RECORDED DATA:
--
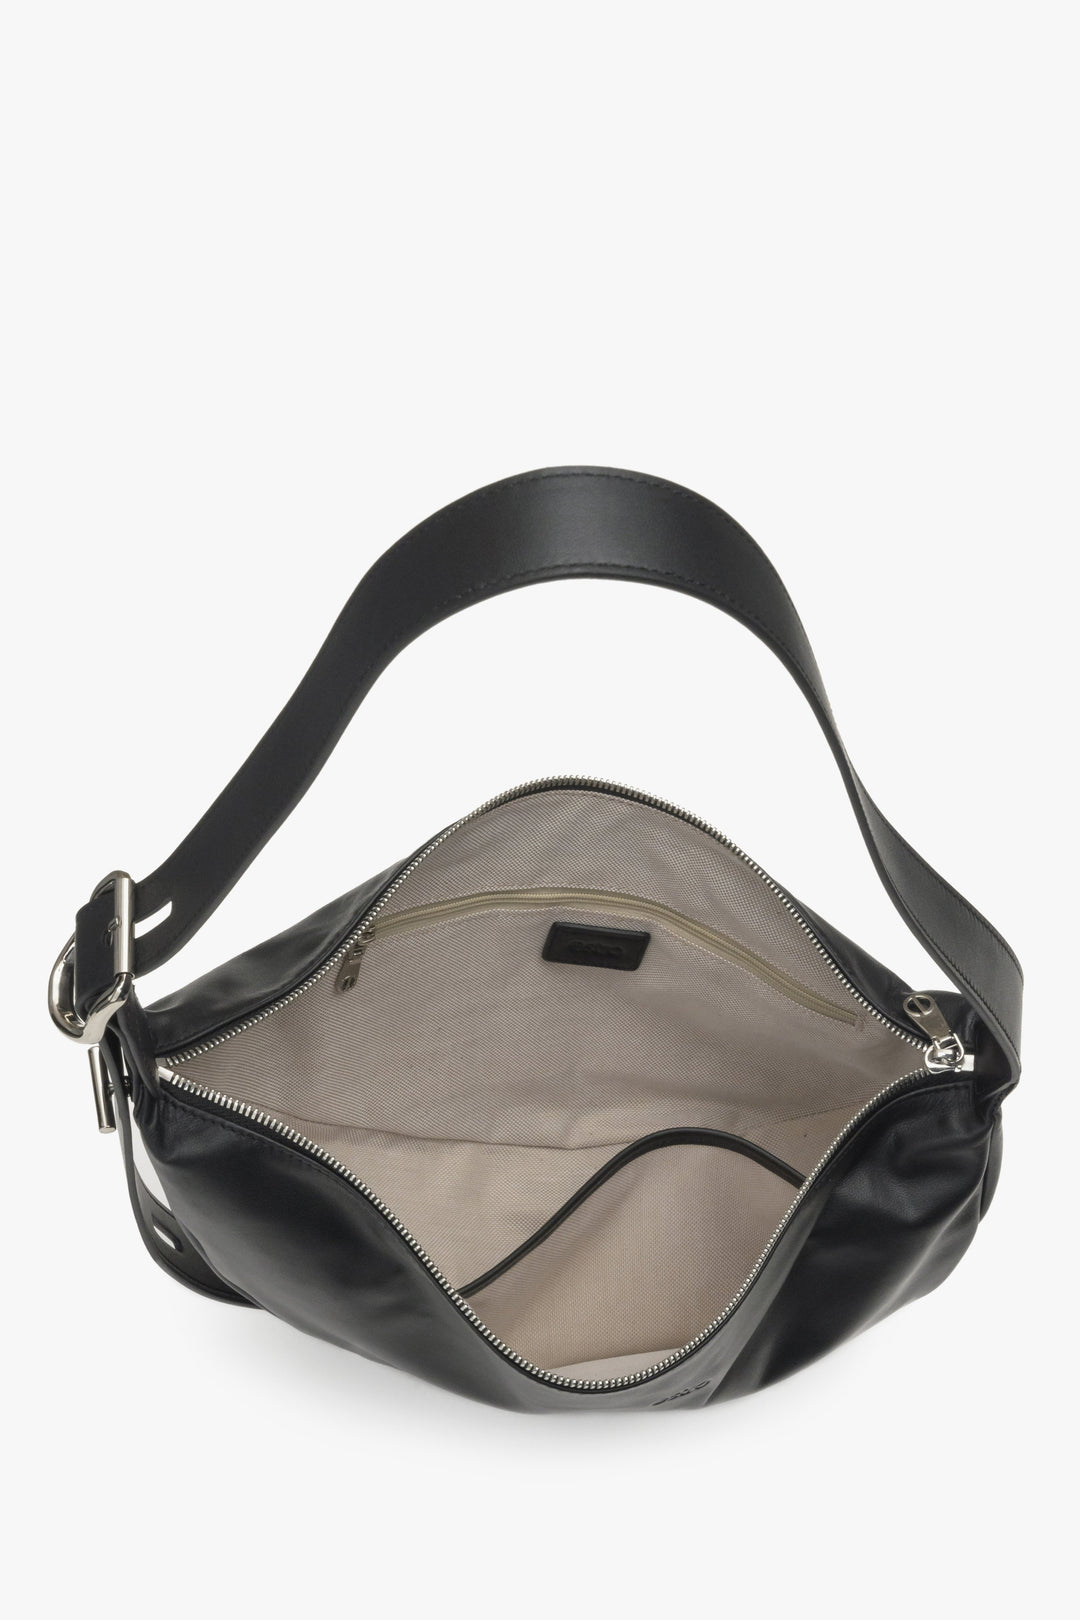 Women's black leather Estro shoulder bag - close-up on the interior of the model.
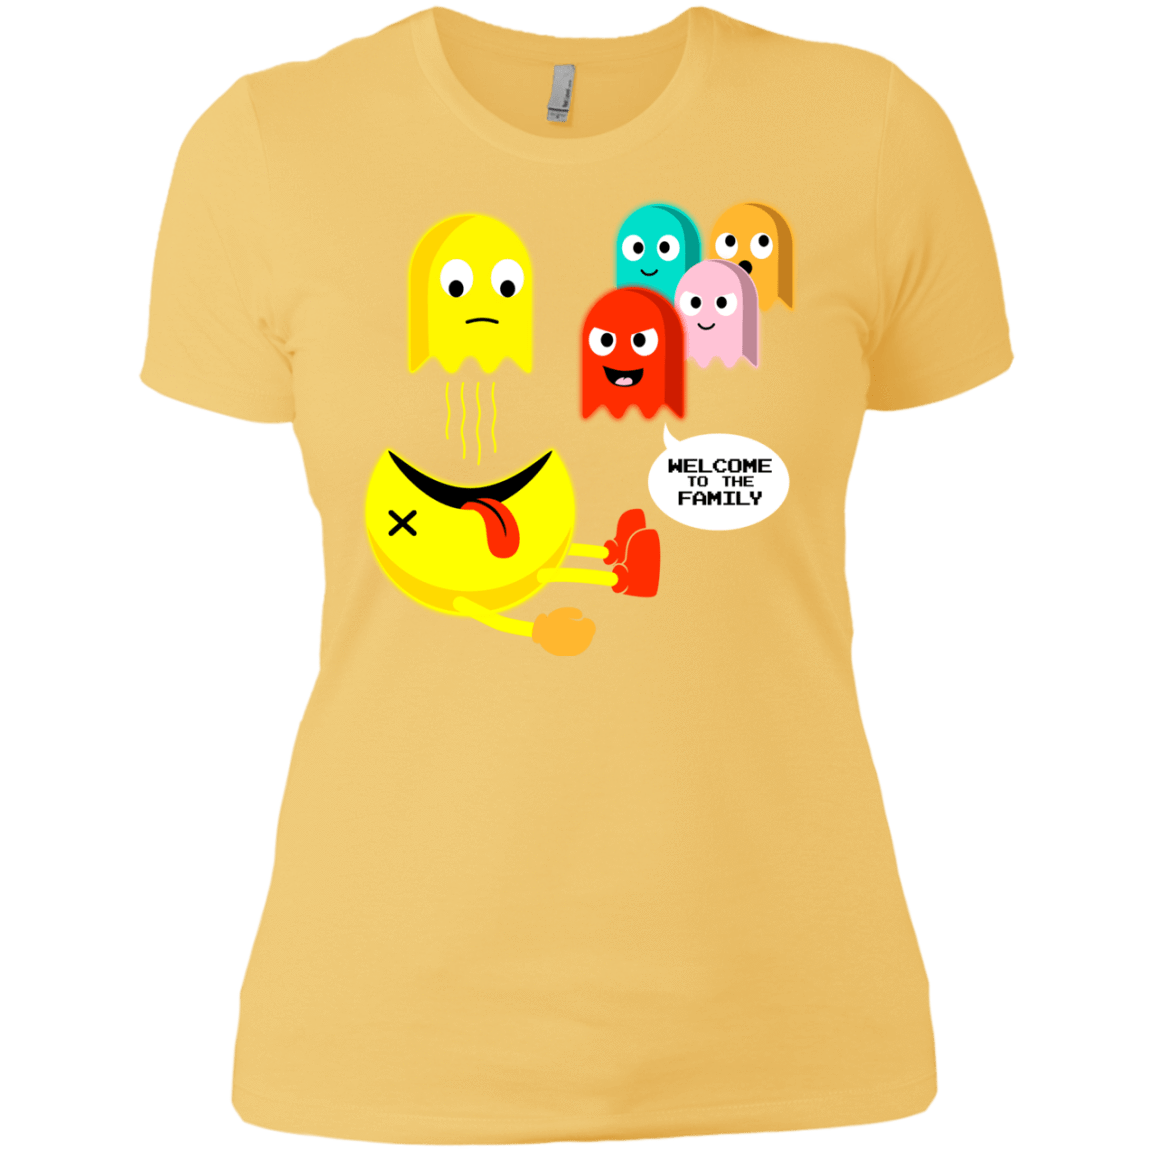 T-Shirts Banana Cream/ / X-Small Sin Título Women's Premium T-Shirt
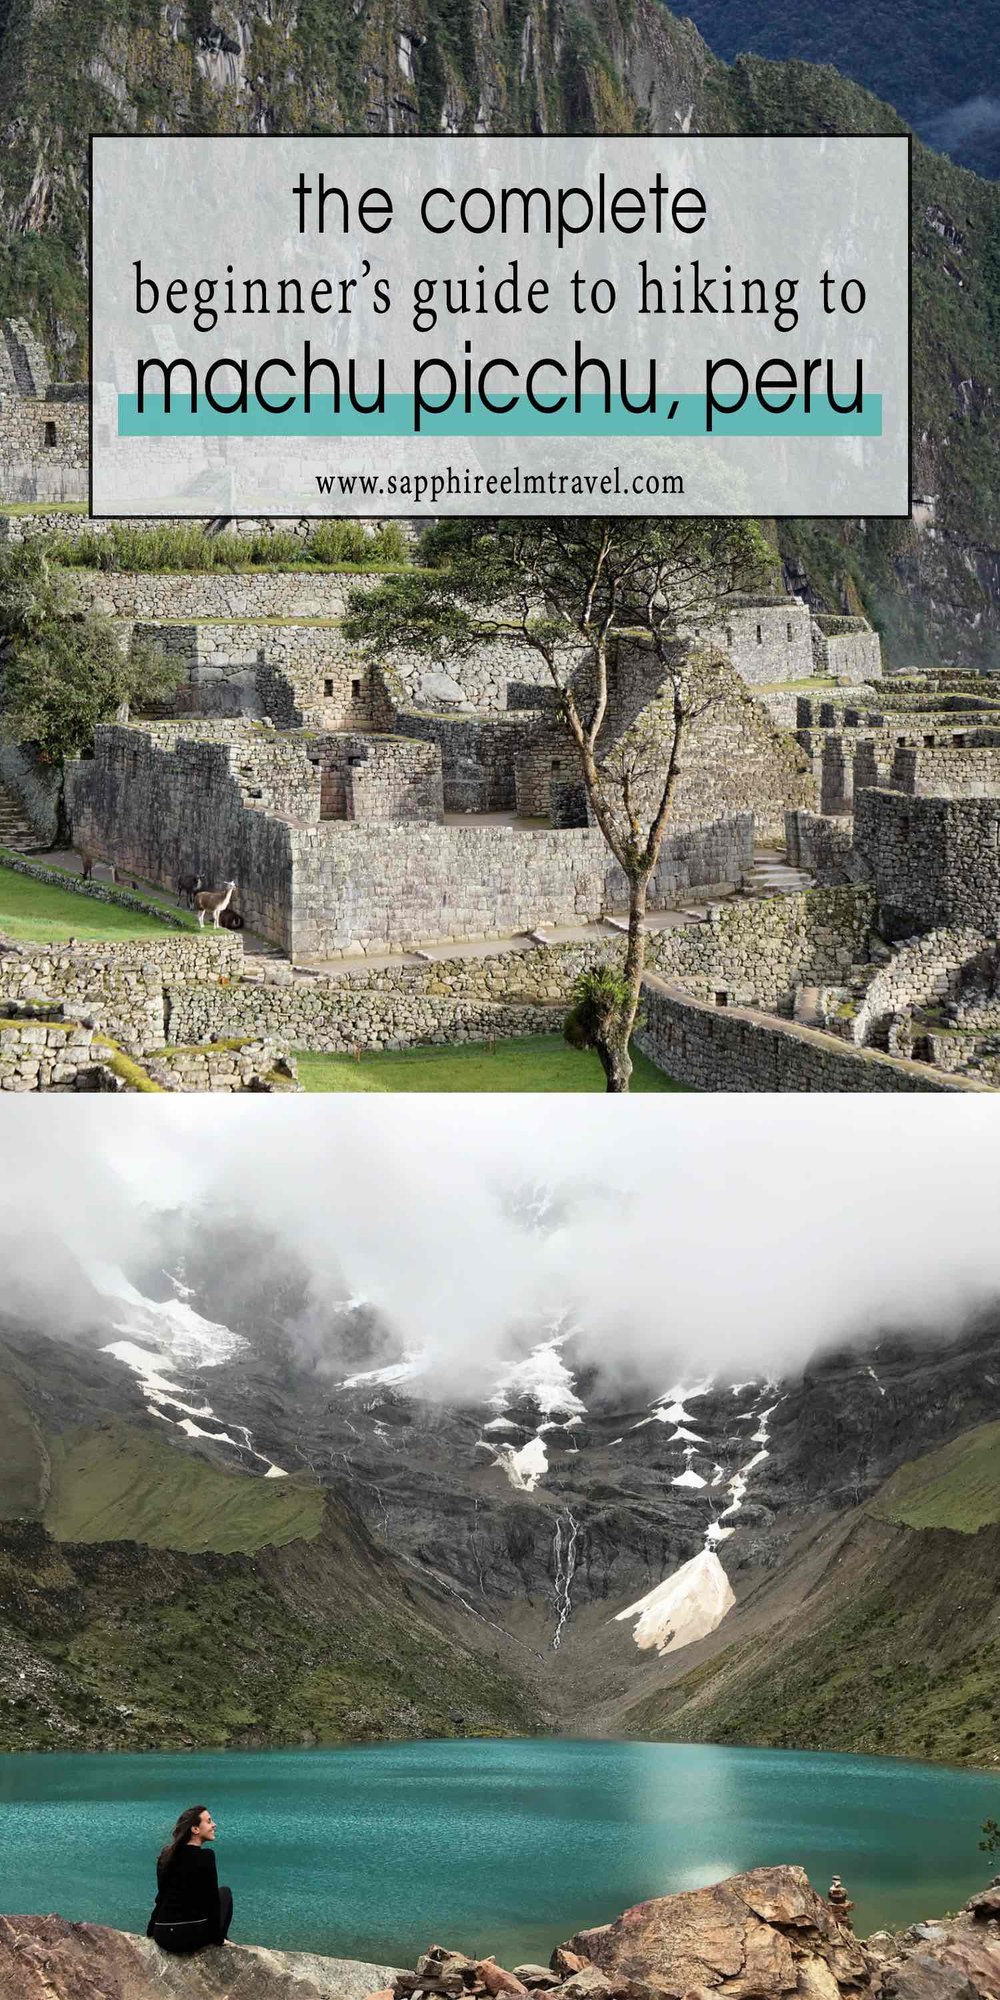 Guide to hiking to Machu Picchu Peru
--
EXERCISE OBJECTIVE: Could you output the entire listing verbatim while omitting its pictures?

WRITTEN SOLUTION:
 Women's black leather Estro shoulder bag - close-up on the interior of the model.
 T-Shirts Banana Cream/ / X-Small Sin Título Women's Premium T-Shirt
 Guide to hiking to Machu Picchu Peru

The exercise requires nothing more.